The required recruitment checks were not always done before new staff started work. This meant people could be at risk of being supported by staff unsuitable to work in a care setting. This was a new breach of regulation. When new staff started work they did not always get any induction training to make sure they were competent to work safety and deliver appropriate care. Staff had received some training on safe working practices but it was difficult to get accurate information about what training staff had received. This risked people being cared for by staff who were not properly training to deliver appropriate and safe care. This was an on-going area of concern and had been identified as a breach of regulation at previous inspections.

Staff did not have a clear understanding of the principles of the Mental Capacity Act and the Deprivation of Liberty Safeguards which meant there was a risk they were not always acting within the law. This was an on-going breach of regulations.

There was no registered manager and there was a lack of consistency and leadership.
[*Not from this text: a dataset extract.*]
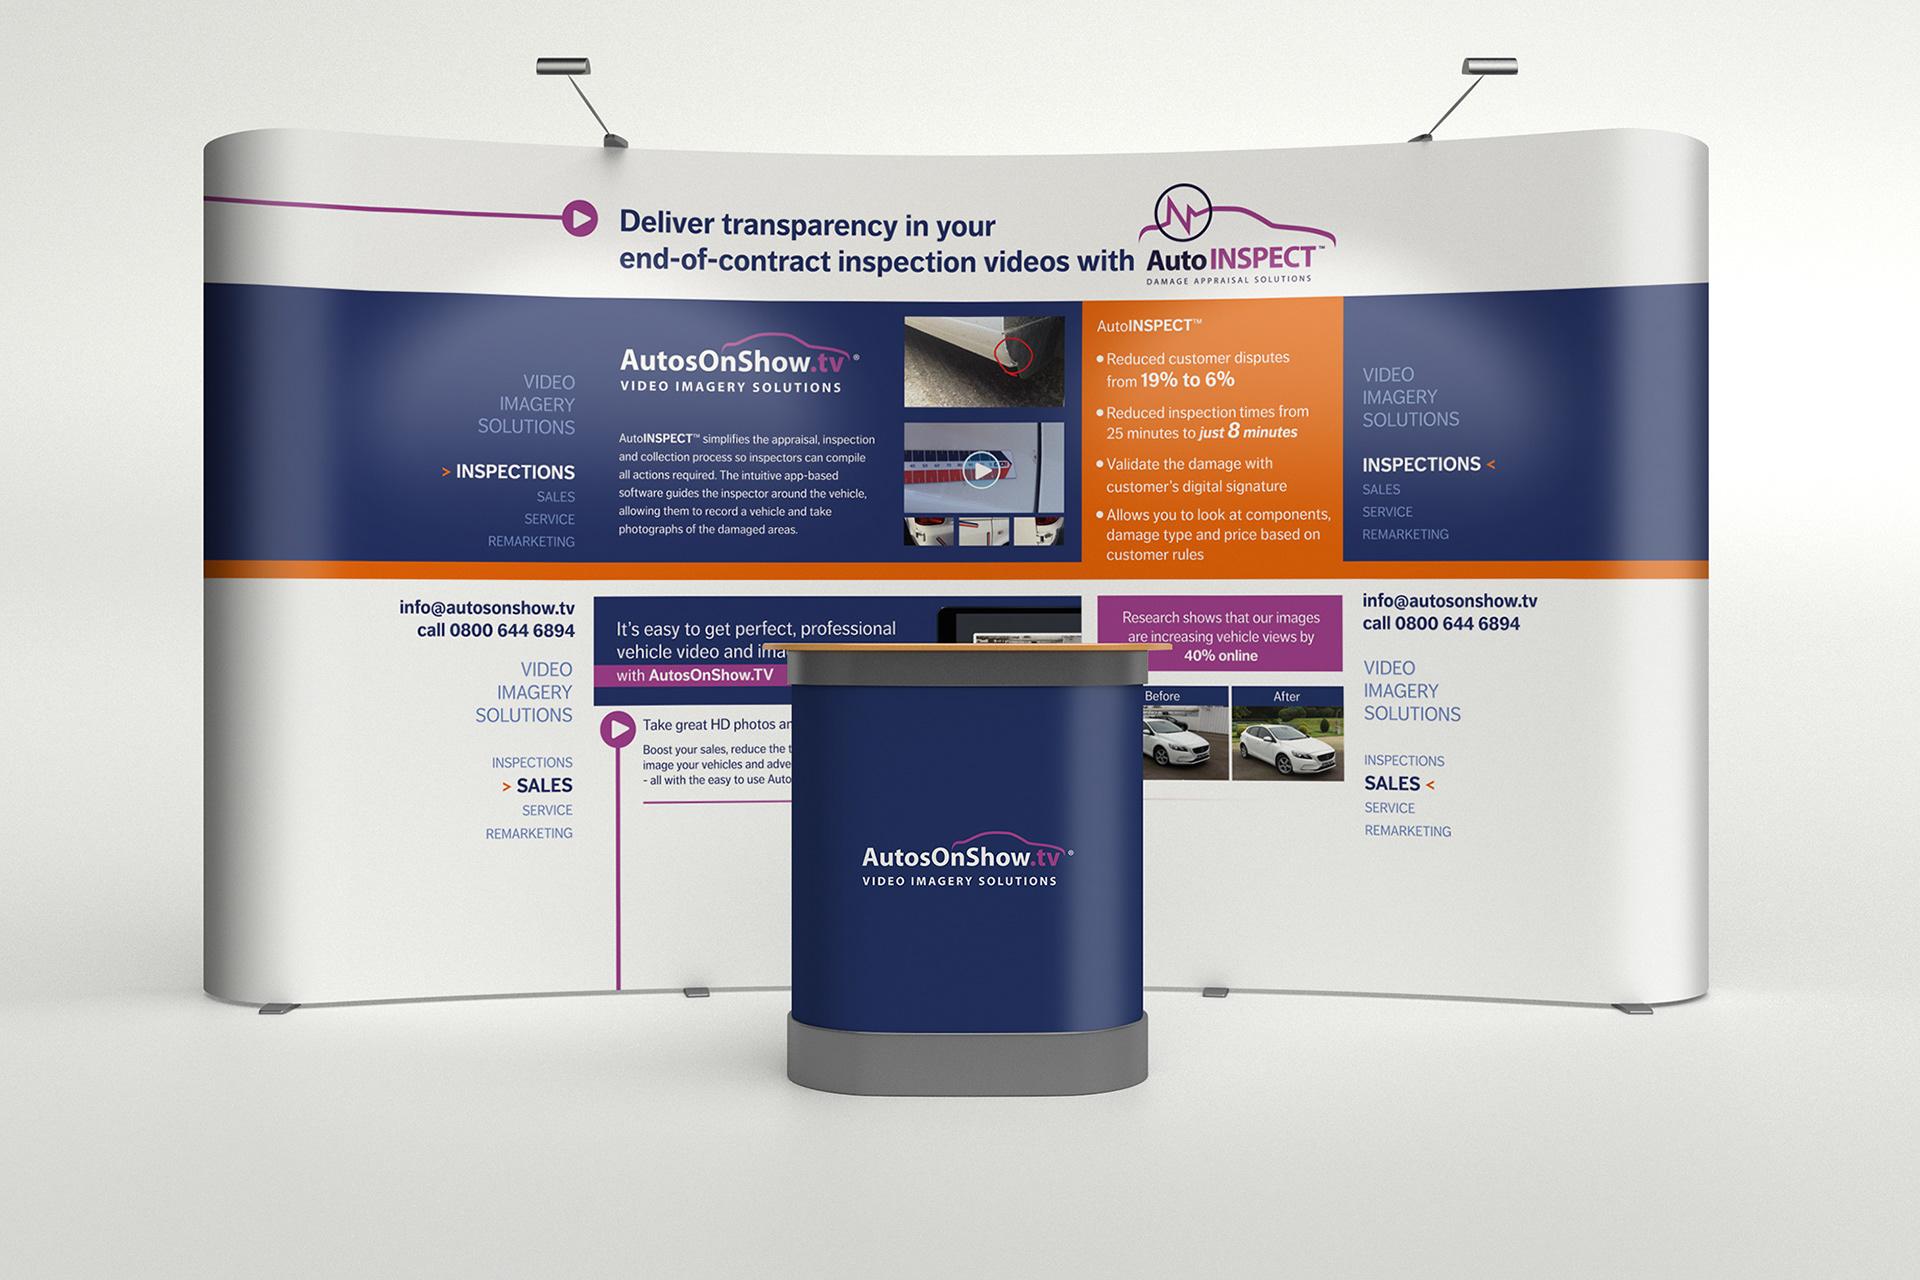 Marketing Exhibition Stand Years : Deavall design freelance graphic design branding online

There were some systems in place to monitor the quality of the services provided but there were not working well. This meant that potential problems or shortfalls in the service were not always identified and acted on which in turn could have a negative impact on the experiences of people who lived in the home.

People who lived in the home and others were potentially at risk because the provider did not have effective systems in place to identify, assess and manage risks to their safety and welfare.

We found the provider was not meeting nine regulations and many of these were on-going. CQC is considering the appropriate regulatory response to resolve the problems we found.

The overall rating for this service is ‘Inadequate’ and the service is therefore in 'Special measures'. The service will be kept under review and, if we have not taken immediate action to propose to cancel the provider’s registration of the service, will be inspected again within six months. The expectation is that providers found to have been providing inadequate care should have made significant improvements within this timeframe.

On 07 September 2015 we issued a Notice of Proposal to cancel the provider’s registration to carry on the regulated activities accommodation for persons who require nursing or personal care, treatment of disease disorder or injury and diagnostic and screening procedures at the location Spring Bank Nursing Home.  The provider took the decision to close the home.